Toujours dans ce deuxième objectif d’un réseau orienté vers la valeur, le BI devra accompagner le RSSS afin de mettre en place et valoriser une culture axée sur les mesures d’impacts basées sur les données en milieu réel des soins. Encore ici, il s’agit de promouvoir des projets innovants dont la valeur puisse être évaluée. Il faut développer des critères et des exigences en termes de mesures spécifiques de retombées. Ces mêmes critères d’innovation et d’évaluation devront s’appliquer à tous les approvisionnements au RSSS. Des expertises devront être développées au sein du RSSS afin d’appliquer aux approvisionnements ces principes d’évaluation de la valeur issue des innovations proposées. Le BI fera l’accompagnement de projets bénéficiant d’un processus d’approvisionnement innovant dont la valeur sera évaluée.

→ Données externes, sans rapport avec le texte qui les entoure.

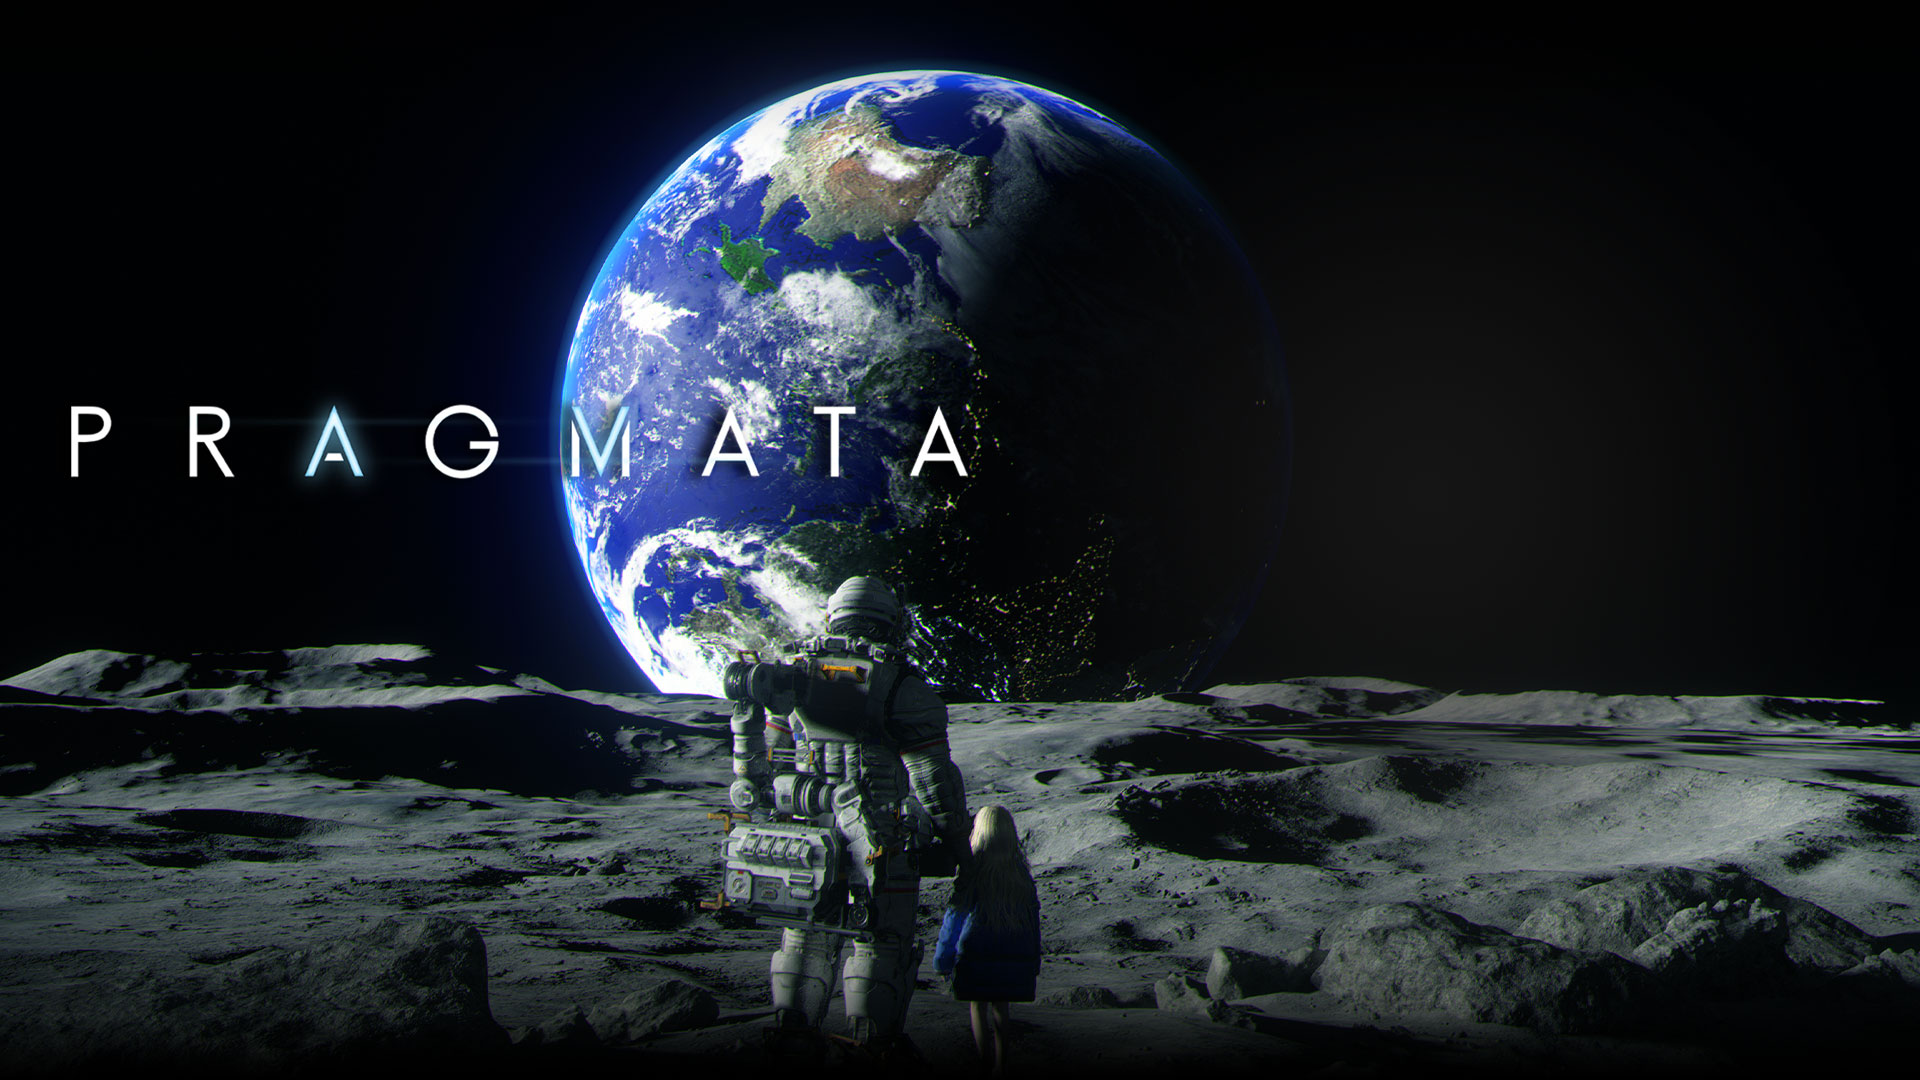 Pragmata, en astronaut og en ung jente som ser på jorden mens de står sammen på månen

Finalement pour compléter ce deuxième objectif, le BI devra contribuer au développement et à la promotion d’une stratégie des technologies de l’information basées sur la proactivité et la souplesse selon les besoins en soutien des transformations du système. Le BI devra s’impliquer dans la mise en œuvre d’une stratégie de valorisation des données du MSSS et devra aussi s’impliquer dans les groupes transversaux et interministériels sur l’accès aux données. Il est sans nul doute possible de tirer le plus de valeurs possibles des immenses banques de données du MSSS tant pour la recherche scientifique que pour l’établissement de mesures optimales de traitements.

Quatrième orientation stratégique : Mobiliser

Afin de mobiliser les différents acteurs du milieu, le BI entend créer des tables de concertation permanentes et mixtes (des secteurs publics et privés). Puis il lui faudra établir une liste d’enjeux stratégiques pour ces tables de concertation. Parmi ceux-ci, il devra se doter d’une stratégie d’accès aux données. À cet effet, il faudra mettre en évidence la position privilégiée du Québec qui, à cause de son système public universel, est en mesure de constituer une gigantesque banque de données. L’accès à cette banque deviendra un enjeu majeur pour bien des innovations en sciences de la vie. Avec d’autres facteurs, cet accès nous permettra de nous doter d’une approche distinctive pour attirer l’investissement pharmaceutique. Il s’agira de ce qu’on peut déjà appeler : l’avantage Québec. De pair avec ces enjeux stratégiques, il faudra aussi instaurer les mécanismes permettant, lorsqu’approprié, des approvisionnements fondés sur la valeur. Une fois ces diverses missions remplies, Il faudra finalement créer la table de concertation stratégique du bureau de l’innovation.

Tous ces objectifs du Bureau de l’innovation ne seraient complets sans une mobilisation de tous les acteurs du milieu de la santé, du milieu industriel et du milieu économique. Le BI vise à présenter, d’ici trois ans, trois propositions pragmatiques produites par les diverses tables de concertation afin de promouvoir cette mobilisation.

En somme, le BI vise à faire de l’innovation la clé d’un nouveau système de santé plus performant et mieux adapté aux besoins du vingt-et-unième siècle.